Cite this: The Pan African Medical Journal. 2017;28:142. doi:10.11604/pamj.2017.28.142.13822

Received: 07/09/2017 - Accepted: 25/09/2017 - Published: 14/10/2017

Mots clés: Trichotillomanie, cils, thérapie cognitive et comportementale

© Khadija Drissi Touzani et al. The Pan African Medical Journal - ISSN 1937-8688. This is an Open Access article distributed under the terms of the Creative Commons Attribution License (http://creativecommons.org/licenses/by/2.0), which permits unrestricted use, distribution, and reproduction in any medium, provided the original work is properly cited.

Available online at: http://www.panafrican-med-journal.com/content/article/28/142/full

Corresponding author: Khadija Drissi Touzani, Service d’Ophtalmologie, CHU Hassan II, Fès, Maroc (khadijadrissi05@gmail.com)


La trichotillomanie des cils: à propos d’un cas

Trichotillomania involving the eyelashes: about a case

Khadija Drissi Touzani1,&, Zineb Lamari1, Fouad Chraibi1, Meryem Abdellaoui1, Idriss Benatiya Andaloussi1

 

1Service d’Ophtalmologie, CHU Hassan II, Fès, Maroc

 

 

&Auteur correspondant
Khadija Drissi Touzani, Service d’Ophtalmologie, CHU Hassan II, Fès, Maroc

 

 

Résumé

La trichotillomanie est un trouble psychiatrique négligé qui pousse à s'arracher les cheveux, mais aussi les sourcils ou tout autre poil dont rarement les cils.

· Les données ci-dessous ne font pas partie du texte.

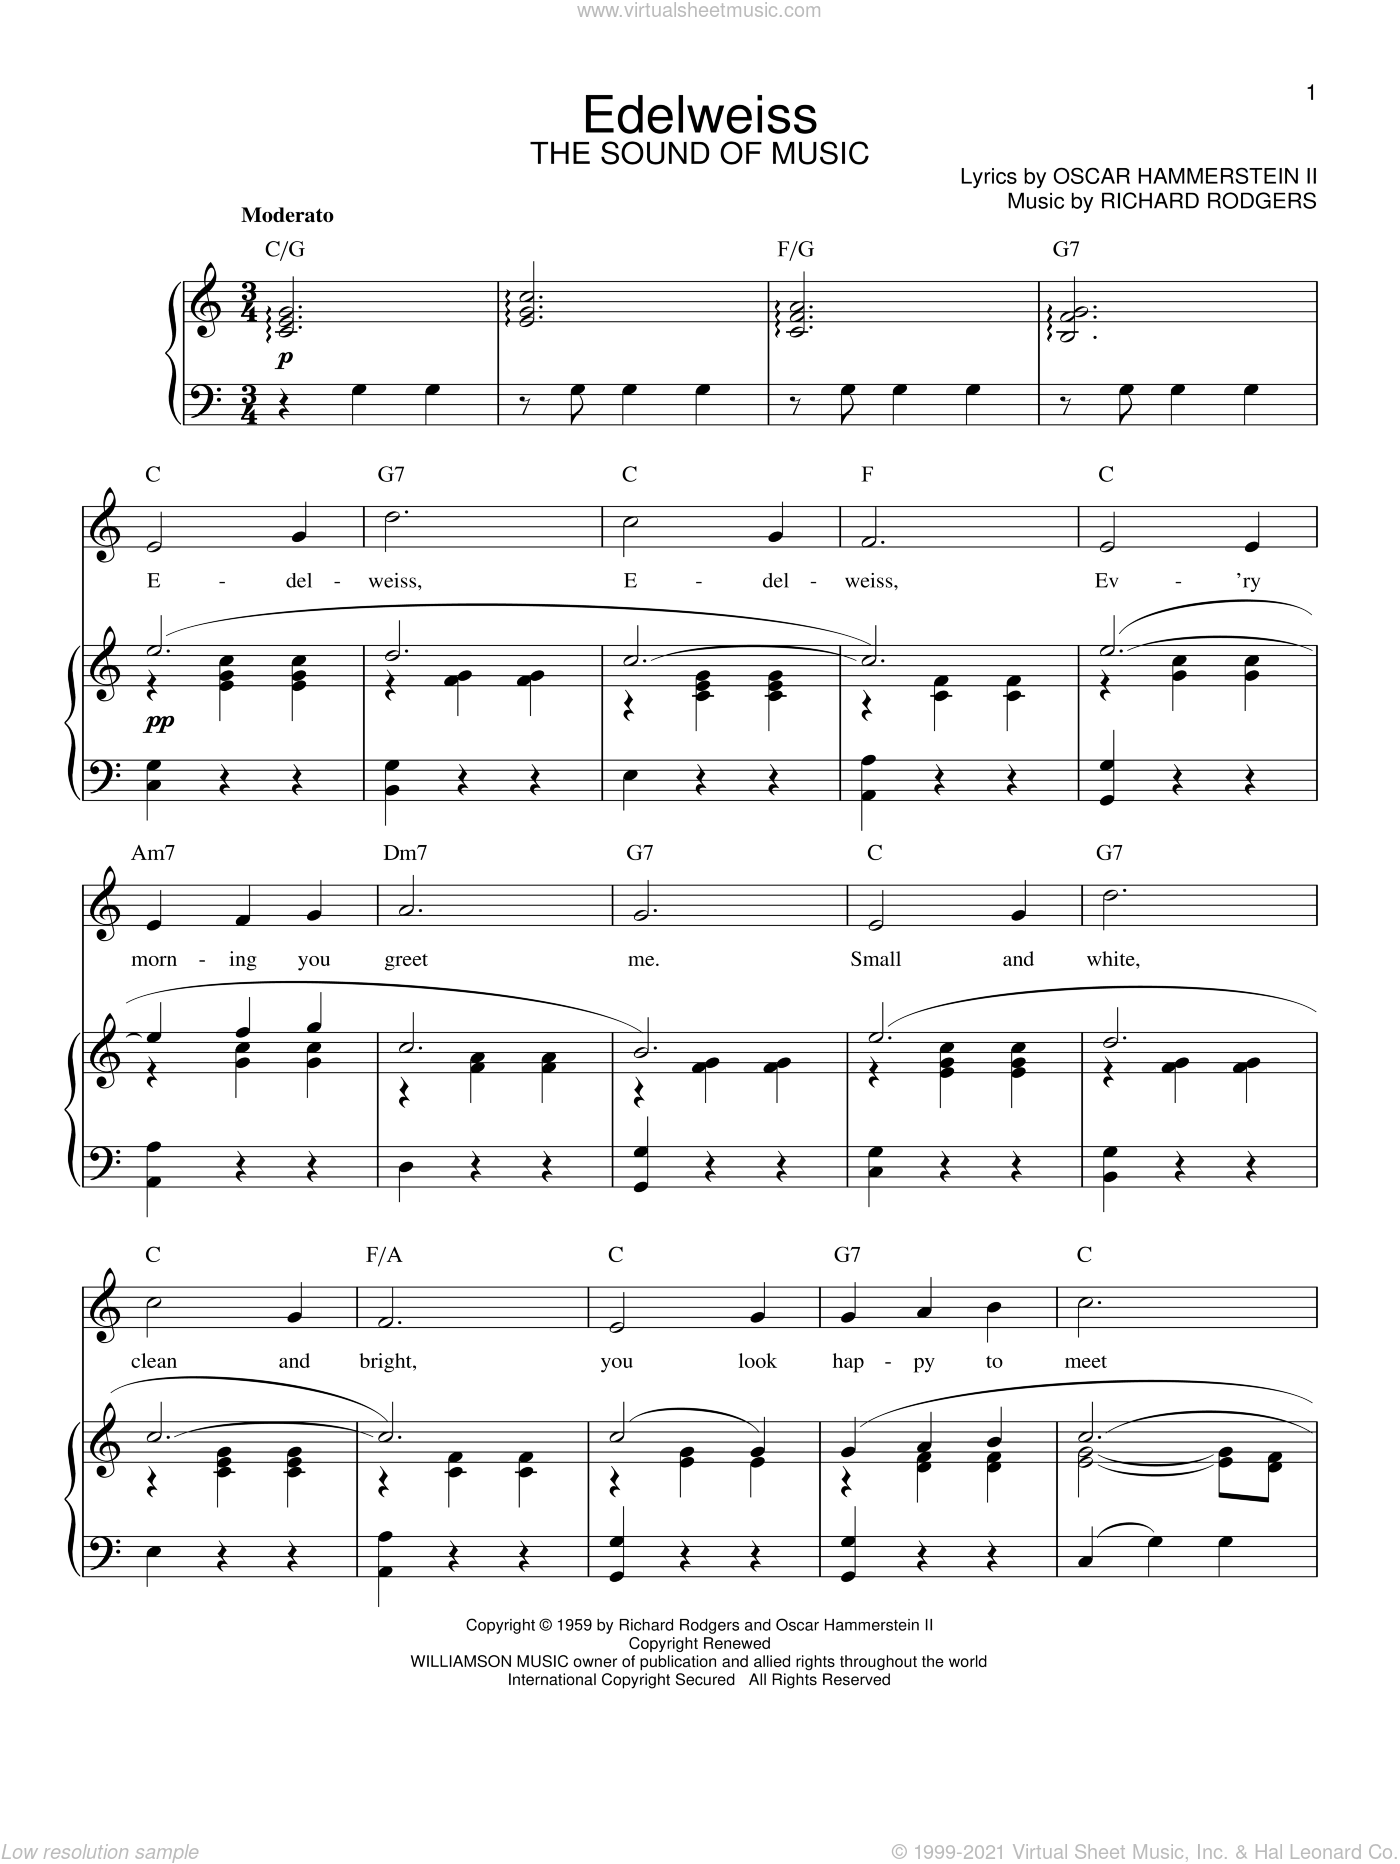 Hammerstein - Edelweiss sheet music for voice and piano [PDF]

Elle est définie dans le Manuel diagnostique et Statistique des Troubles Mentaux en tant que trouble des habitudes et des impulsions. A travers cette observation, nous rapportons le cas d'une fille qui souffre de trichotillomanie des cils de l'œil gauche suite à une faible estime de soi. La maladie peut être épisodique mais généralement chronique et difficile à traiter. Sur la base des éventuelles complications médicales et psychiatriques, il est important que le diagnostic soit exact et précoce. Le traitement de référence repose sur la thérapie cognitive et comportementale.


English abstract

Trichotillomania is a neglected psychiatric disorder characterized by the urge to pull out the hair, the eyebrows or any other hair, but rarely the eyelashes. In the Diagnostic and Statistical Manual of Mental Disorders it is defined as habits and pulses disturbance. We here report the case of a girl with trichotillomania involving her left eyelashes due to low self-esteem. The disease may be episodic but it is usually chronic and difficult to treat. Given the possible clinical and psychiatric complications, early and accurate diagnosis is essential. Cognitive-behavioral therapy is the gold standard treatment.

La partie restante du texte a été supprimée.